Two late goals lift Bayer past Chelsea
Manuel Friedrich sent Bayer Leverkusen into the knockout round of the Champions League with an injury-time header Wednesday that secured a come-from-behind 2-1 win over Chelsea and left the London club in real danger of missing out on the next stage.
Friedrich - a defender - managed to beat Alex to the ball and score with a header from a corner that went in off the underside of the crossbar in the 91st minute.
''It was a game of character,'' Leverkusen coach Robin Dutt said. ''We had to take a chance.
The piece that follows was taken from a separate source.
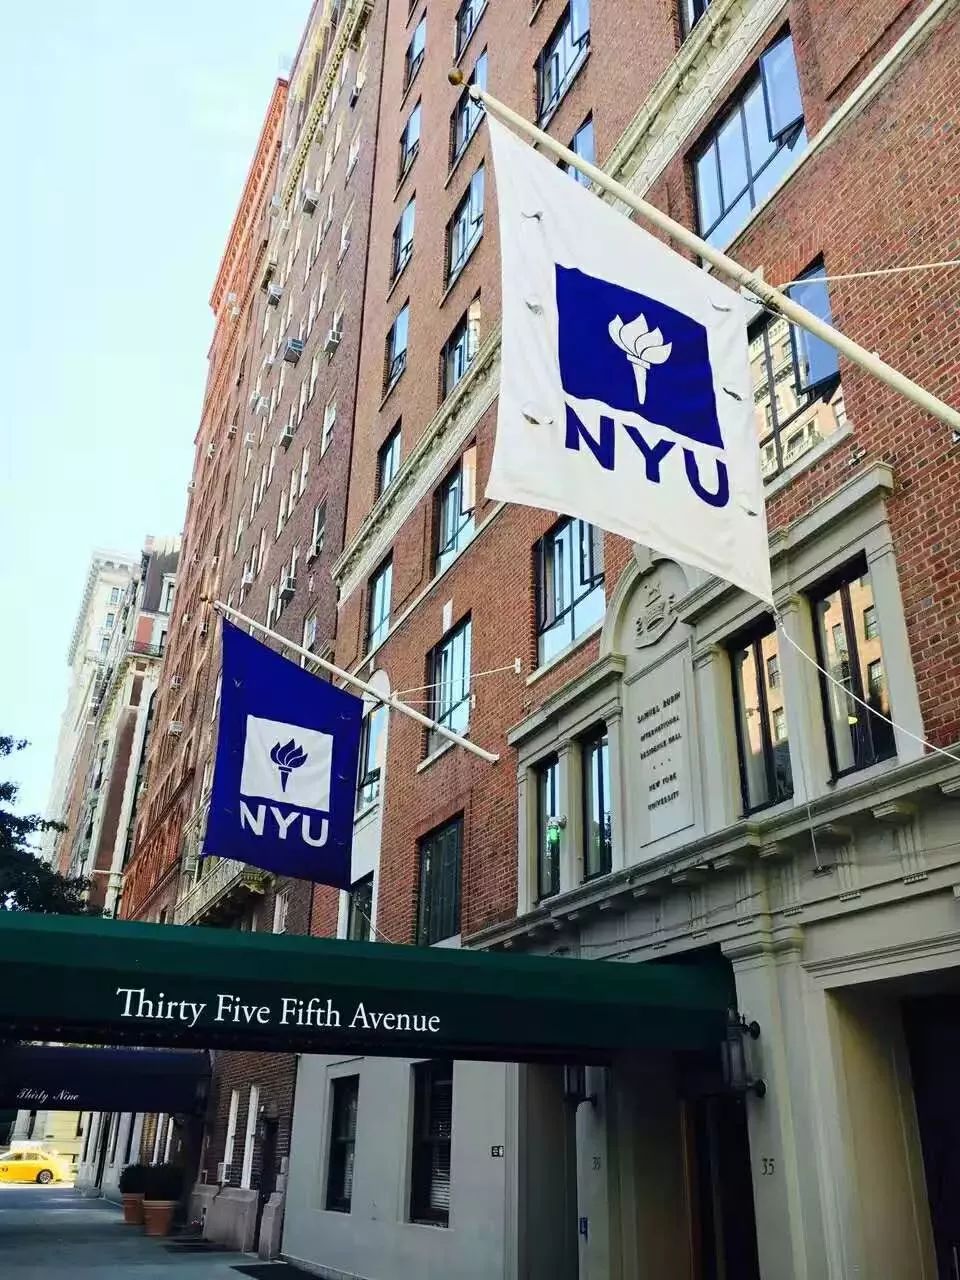 说起纽约大学nyu,许多人可能第一印象就是浪,不错,在纽约灯红酒绿的
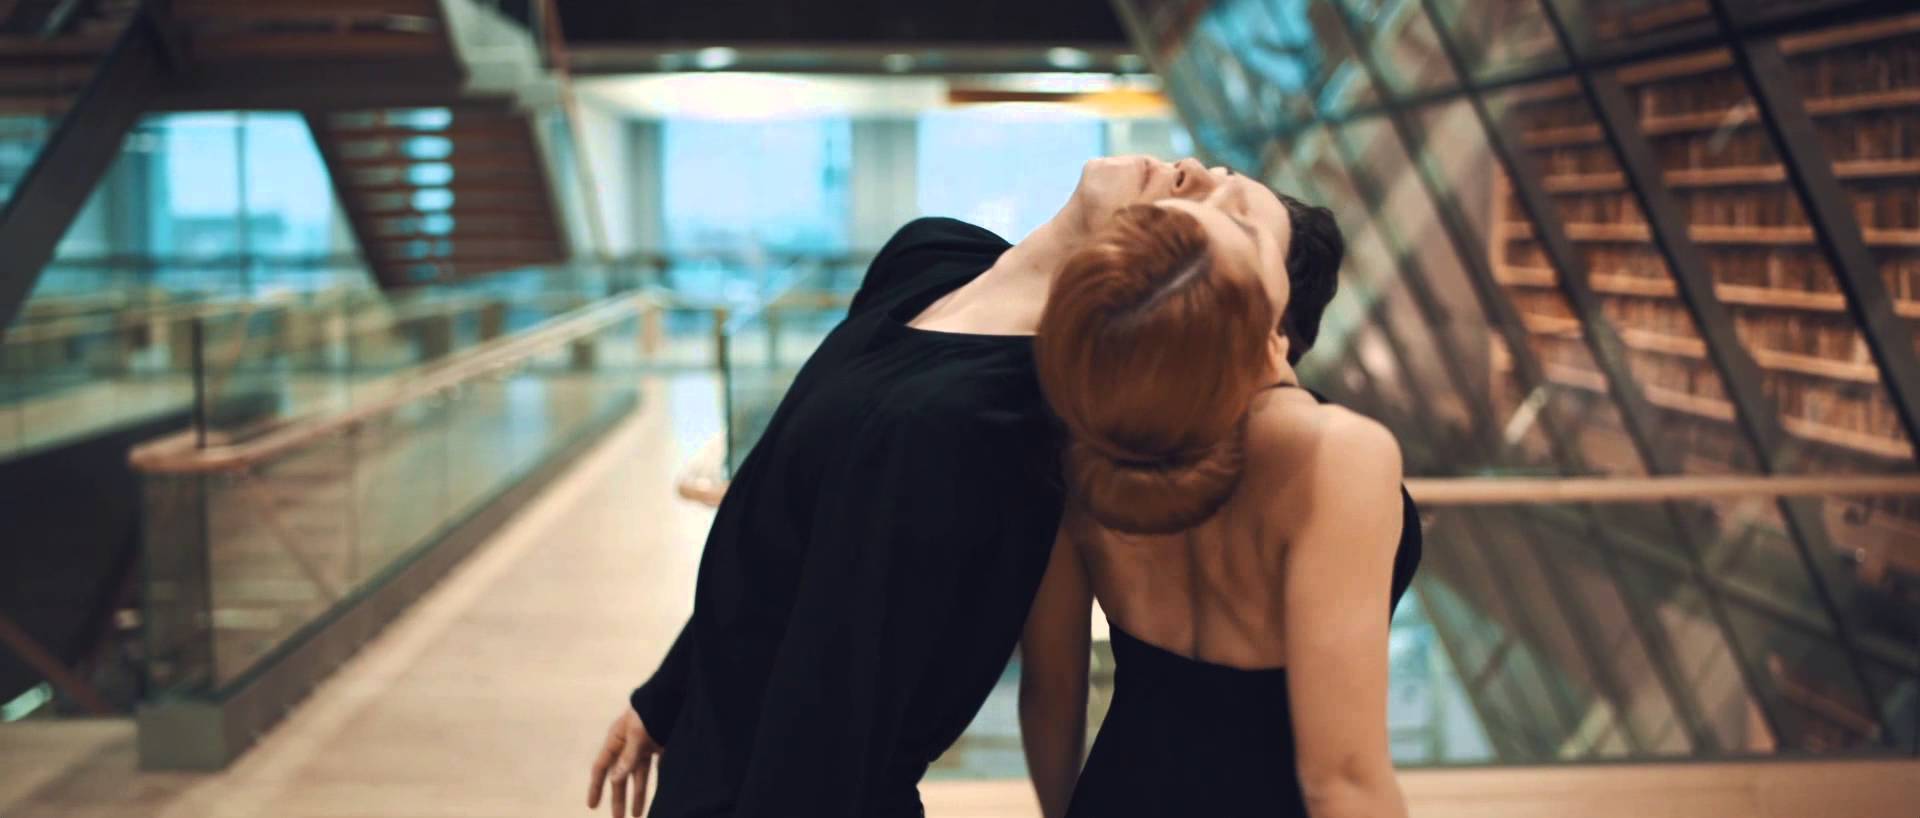 VIDEO: Mūsu “Gaismas pilī” uzņemts unikāls video! (Dance choreography ”Book of experience”)

Of course it's lucky when it works out.''
The result piles even more pressure on Chelsea manager Andre Villas-Boas, whose team has lost three of the last four games in the Premier League and must now beat Valencia at home in its final group match to guarantee a spot in the knockout round.
''It's details that have been deciding our fate at the moment,'' Villas-Boas said. ''We left our back exposed.''
Chelsea would have clinched a spot in the knockout round with a win and Didier Drogba had given the London club the lead in the 48th, when he turned his marker before dispatching a low shot to the far corner.
''You could see that Chelsea are a little unsettled at the moment,'' said Leverkusen midfielder Michael Ballack after his 100th European appearance. ''Only after we conceded could you see how much talent (we have) in this team.''
Eren Derdiyok equalized in the 73rd, two minutes after coming on as a substitute, when Sidney Sam waited to draw out Petr Cech before crossing for the Switzerland striker to head into an empty net.
''To turn the game around like that says a lot about the team,'' Derdiyok said. ''Of course I'm delighted.''
Leverkusen tops Group E on nine points, with Chelsea and Valencia - both on eight - meeting in their last group game.
Even if Leverkusen loses its last game against Genk, which lost 7-0 in Valencia, and Chelsea draws with Valencia, the Bundesliga runner-up would progress based on points gained in head to head games between the three.
''It's not a fair result in the end,'' Villas-Boas said. ''It was heading for a 1-1, there were big chances for both teams but I think we had the good share of the chances, in the first half and in the second half.''
Indeed, Drogba might have scored a hat trick, the Ivory Coast striker drawing a shot wide in the fifth minute, and then shooting over an open goal in the 38th, when he took the ball past Leverkusen's 19-year-old goalkeeper Bernd Leno.
Ballack was involved in almost every attacking Leverkusen move against his former club, and the 35-year-old almost scored in the 33rd, when his header from Gonzalo Castro's corner beat Cech but not the crossbar.
Daniel Sturridge provided Chelsea's main attacking threat after the 22-year-old was rewarded with a starting place after scoring as a substitute in Chelsea's 2-1 loss to Liverpool on Sunday, and it was he who set up Drogba for the goal.
The Ivorian should have scored another in the 54th, when he fired left with only Leno to beat.
Cech denied Ballack five minutes later, first with a flying save to tip the ball over, and then from point blank when it seemed the former Germany captain had to score.
Drogba's appeals for a penalty were waved away in the 77th, when he went down under Oemer Toprak's challenge, and the Chelsea striker blasted a volley wide from close range with only Leno to beat in the 84th.
But Villas-Boas didn't want to blame his misfiring forwards for the loss.
''The responsibility is mine,'' Villas-Boas said.